Cigarros en tela de juicio 2

En la primera entrada sobre el tema de los antiguos litigios por marcas de cigarros analizamos las peripecias legales de una vieja causa que concluyó  de manera  favorable para la parte acusadora. Ahora echaremos luz sobre otro caso relativo a la misma cuestión y de la misma época, pero con un resultado completamente diferente. Y también volcaremos un hallazgo incontrovertible relacionado con  el tema, proveniente  de una fuente absolutamente independiente como lo es  nuestro viejo y querido libro de stock del Ferrocarril del  Sud de 1898, que brinda una posible explicación sobre  las causas del pleito. Fue así que el 15 de agosto de 1900 se presentaron ante la justicia los señores Schelp y Schelp (1) denunciando que “en junio de 1893 adquirieron la propiedad de la marca «Santos» para distinguir cigarros, como asimismo el diseño de  las cajas cuyo modelo presentan.  Que acreditado el artículo en plaza después de muchos esfuerzos, consiguieron una venta considerable que vino a resarcir sus sacrificios y recompensar el trabajo asiduo y constante, habiendo encontrado que se adultera y falsifica dicha marca, por don Miguel Capin.  Que éste era su vendedor, quien también comercia especialmente con la marca «Juncales», también de su propiedad, que tienen para distinguir cigarros, cuya marca transfirieron a dicho Capin cuando este salió de la casa (2). Que abusando de su proceder, ha colocado cigarros  «Santos» con los diseños de esa marca, disimulándolos con la de «Juncales» sin que por esto deje de traer la confusión correspondiente, estando así manifestada por los hechos, la intención dolosa del demandado. Que los cigarros «Juncales»  se han acondicionado siempre en cajas de 25 y de 100 y que la parte demandada usa cajas que contienen 50 y en la misma forma que ellos las usan, con una única diferencia en el tamaño, pues las falsificadas son un poco más chicas, habiendo de ésta manera buscado Capin la semejanza a sabiendas para producir la confusión. Que en vista de los hechos referidos el caso encuadra dentro de la disposición del artículo 28 de la ley de marcas de fábrica, cuya pena corresponde aplicar en su máximum, como lo solicitan, con costas, dejando a salvo las acciones, que por daños y perjuicios, este hecho les hubiera ocasionado."

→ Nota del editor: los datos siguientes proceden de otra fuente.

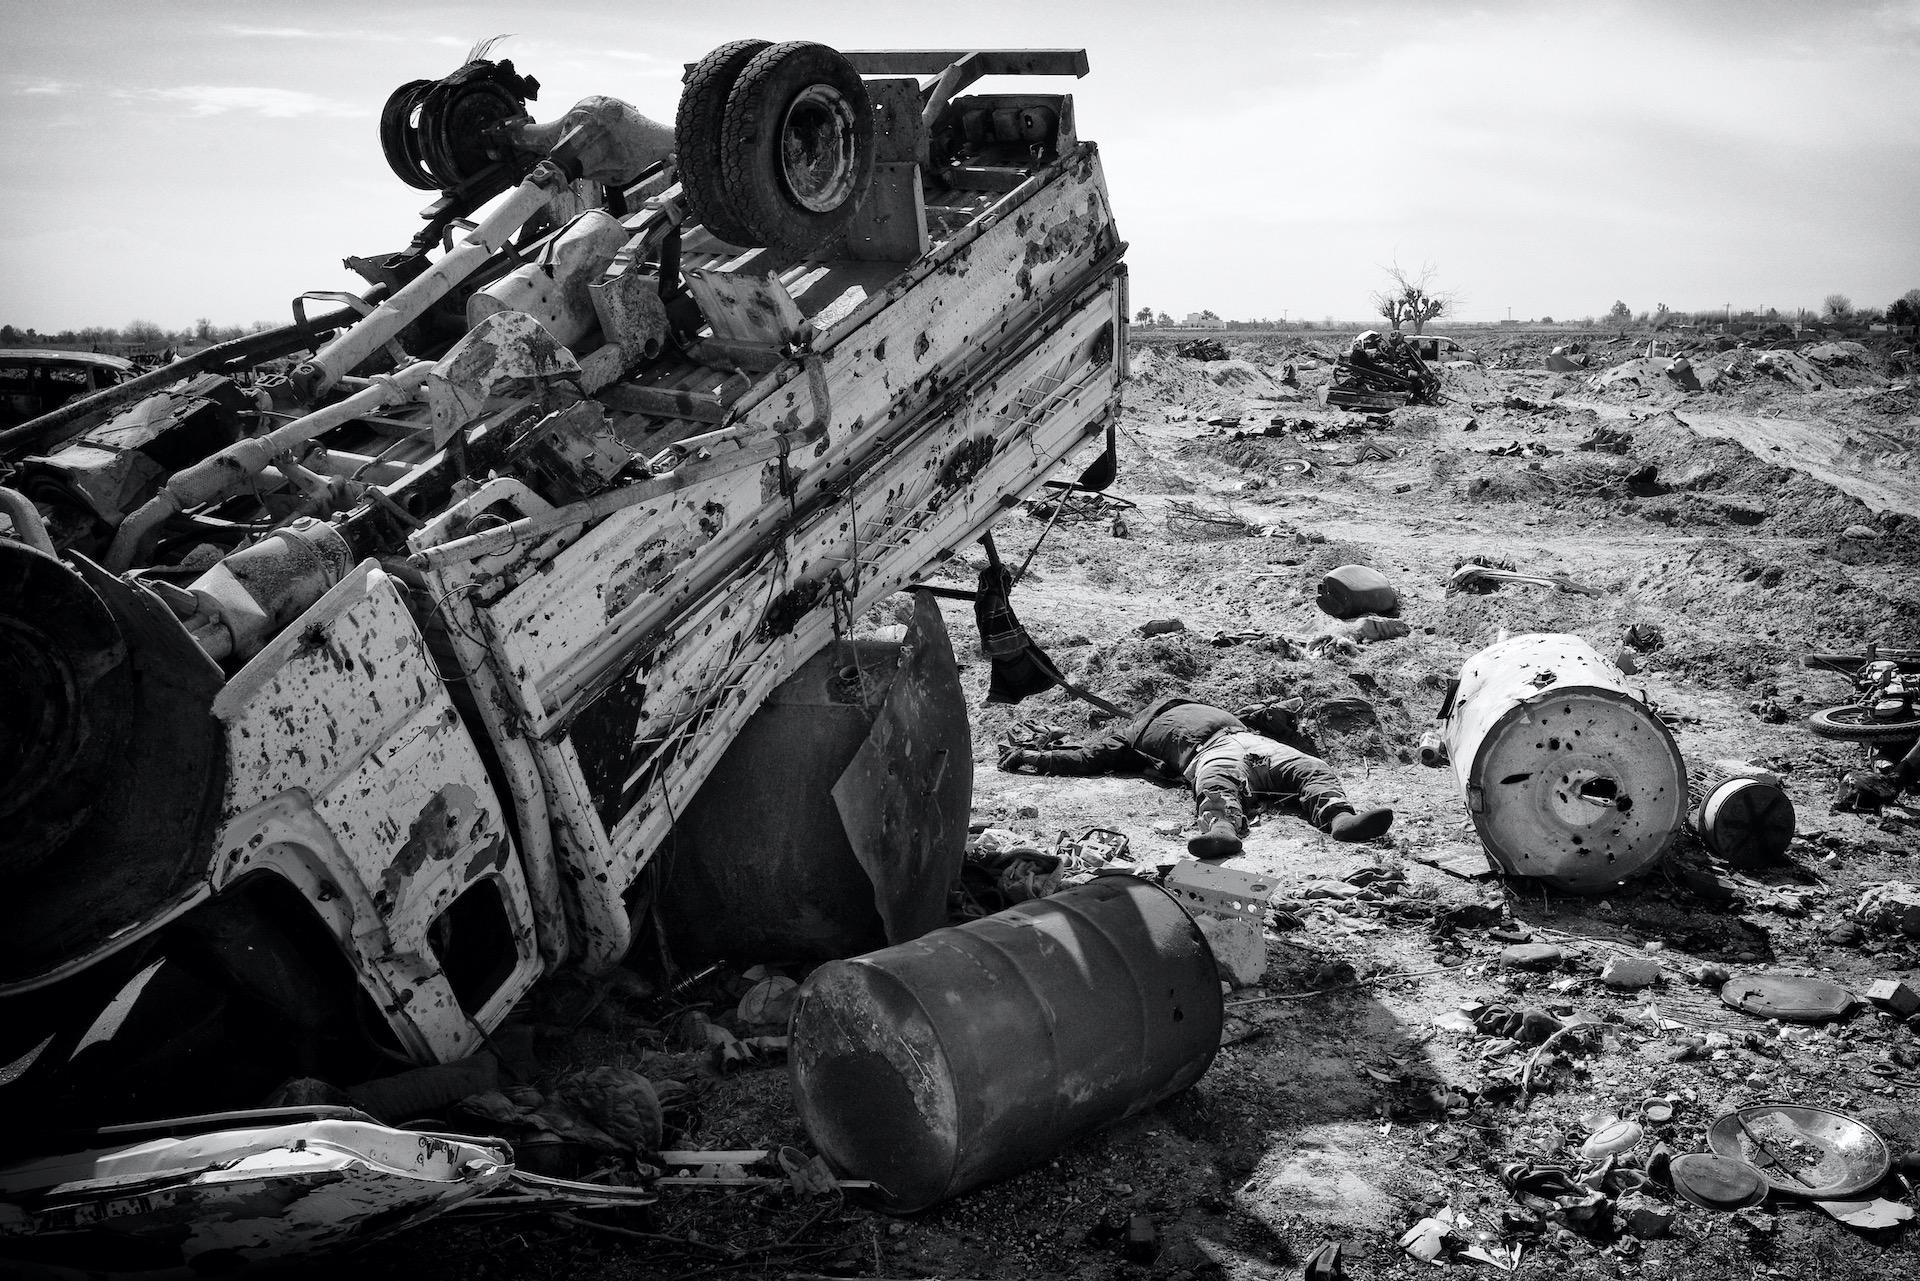 Syria baghuz, ISIS last Bastion

Veamos un poco de qué se trataba la cosa, resumiéndola: Capin era un exempleado de Schelp y Schelp que comercializaba los puros Juncales por su cuenta, luego de haberse retirado de aquella firma y a partir de la debida adquisición de la marca  susodicha. Si esto era así, ¿por qué lo demandaban? ¿Cuál era la falta de este buen señor  al comercializar un rótulo que le pertenecía por derecho propio? No daremos más vueltas y diremos, simplemente, que la sentencia final coincidió con nuestro criterio de inocencia de manera lapidaria. En una primera instancia, el 15 de octubre de 1902, el juez Francisco Astigueta consideró que “los querellantes no han justificado haber adquirido el monopolio para la venta en esta República de los cigarros denominados «Santos»; y acceder a sus pretensiones de que se condene a Capin como falsificador, sería acordarles un privilegio sobre el cual no han demostrado tener derechos. Que la circunstancia de haber colocado Capin a su marca «Juncales» en los envases en que expende sus cigarros, que los querellantes reconocen en su escrito de demanda haberle transferido, aleja toda sospecha de que aquel haya tenido intención de imitar o falsificar la marca registrada, y demuestra, por el contrario, la buena fe de sus procederes. Por estos fundamentos, definitivamente juzgando fallo; absolviendo a don Miguel Capin de la demanda contra él instaurada, con costas, y se le dejan a salvo las acciones que por daños y perjuicios viere convenirle”  El veredicto fue confirmado luego por la Cámara Federal a través de los magistrados Ángel Ferreira Cortés y Juan Agustín Garola. Don Miguel Capin, por lo tanto, quedó libre de culpa y cargo.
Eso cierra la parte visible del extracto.